Closed germayneng closed 6 years ago
Hi @germayneng ,
I'm not @kaz-Anova but I'll try to answer your question ;-) under his control! There has been a lot of discussion on target/likelihood encoding and stacking during the Porto Seguro's competition on Kaggle. In particular CPMP made a clear point that not using the same CV folds at each stage of your process may introduce leakage. I may need some time to find the thread...
Likelihood encoding is an estimator by itself and therefore using these features can be seen as a 1st level stacking. In other words if you do use likelihood encoding, you have to perform this inside your CV loop to avoid leakage.
It's not what I've done here : https://www.kaggle.com/ogrellier/xgb-classifier-upsampling-lb-0-283?scriptVersionId=1638269
but it's what Andy Harless did here : https://www.kaggle.com/aharless/xgboost-cv-lb-284
Now StackNet has a different random number generator than say Python and if you do stacking with it and performed likelihood encoding in Python with a given CV fold seed you want to tell StackNet what these folds are.
The only way to do this is to provide StackNet with the folds directly using data_prefix and I think that is why @kaz-Anova encourages users to use data_prefix and avoid any sort of leakage.
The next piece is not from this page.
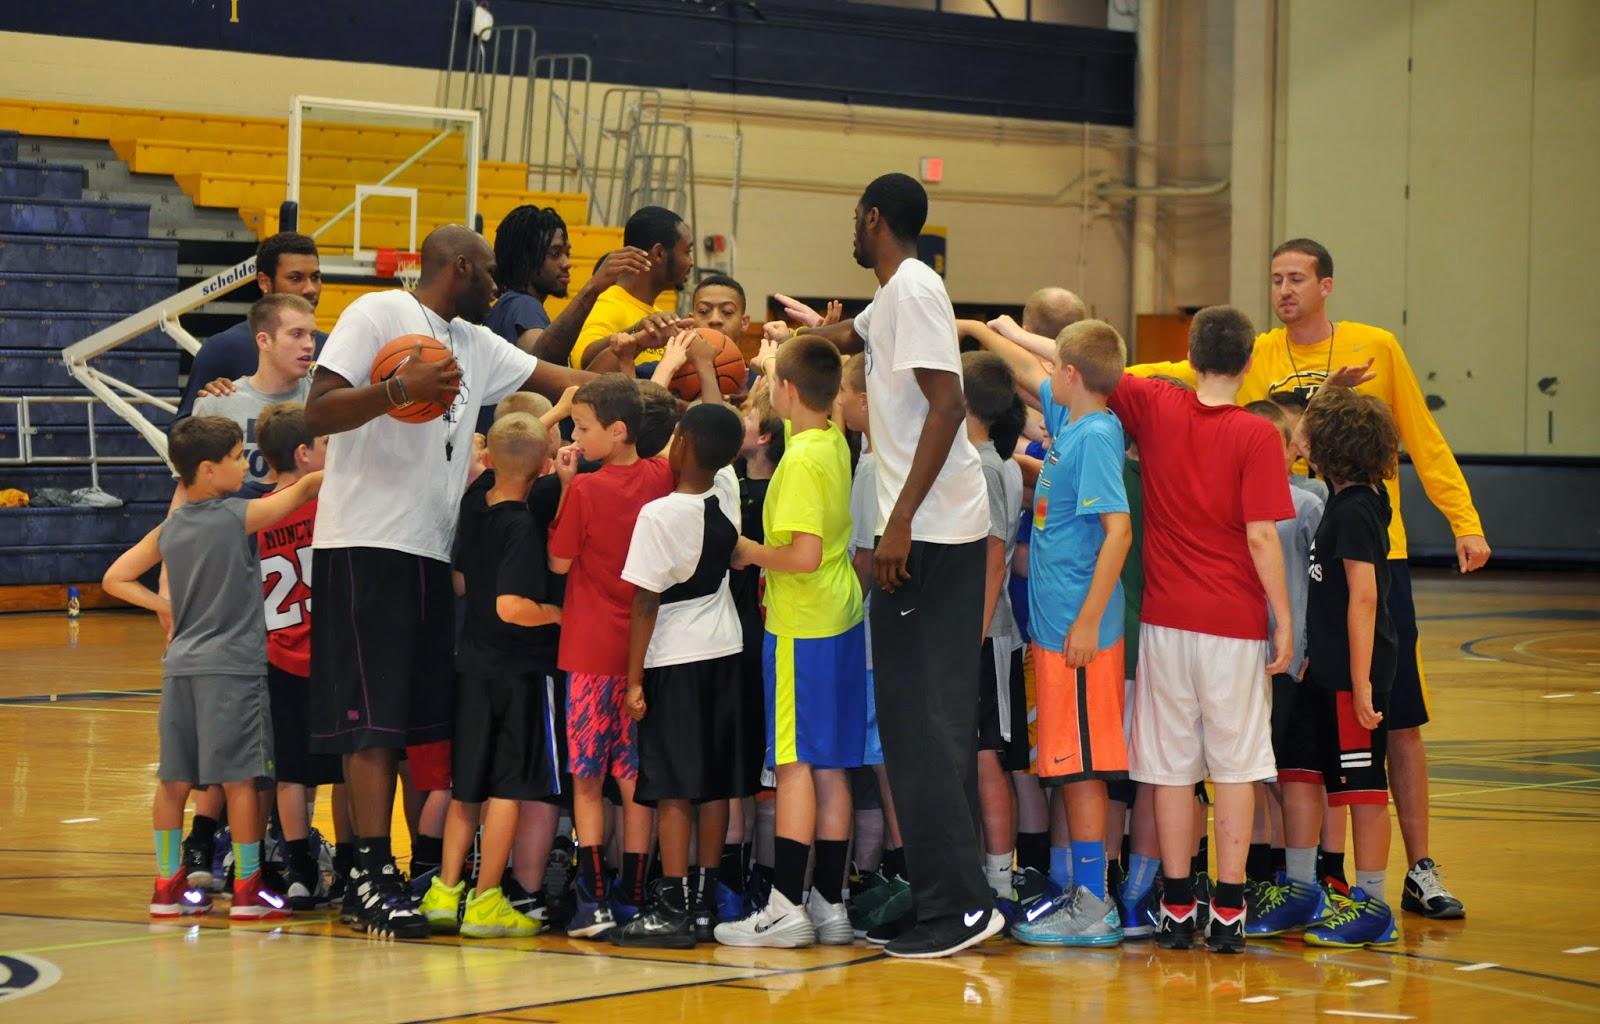 Kent State - Men's Basketball: June 2014

Hope this helps and let me know if what I wrote is not clear. Cheers, Olivier
Hi kazanova,
Thanks for the great work! I have one question:
When we do apply likelihood encoding, why do we have this:
i am confused at this point. If likelihood encoding is applied at a nested cv fold, example: with 10 cv, we have an inner 5 cv. Can we simply stack them instead of using data_prefix to manually do the folds? Is there a case of direct leakage?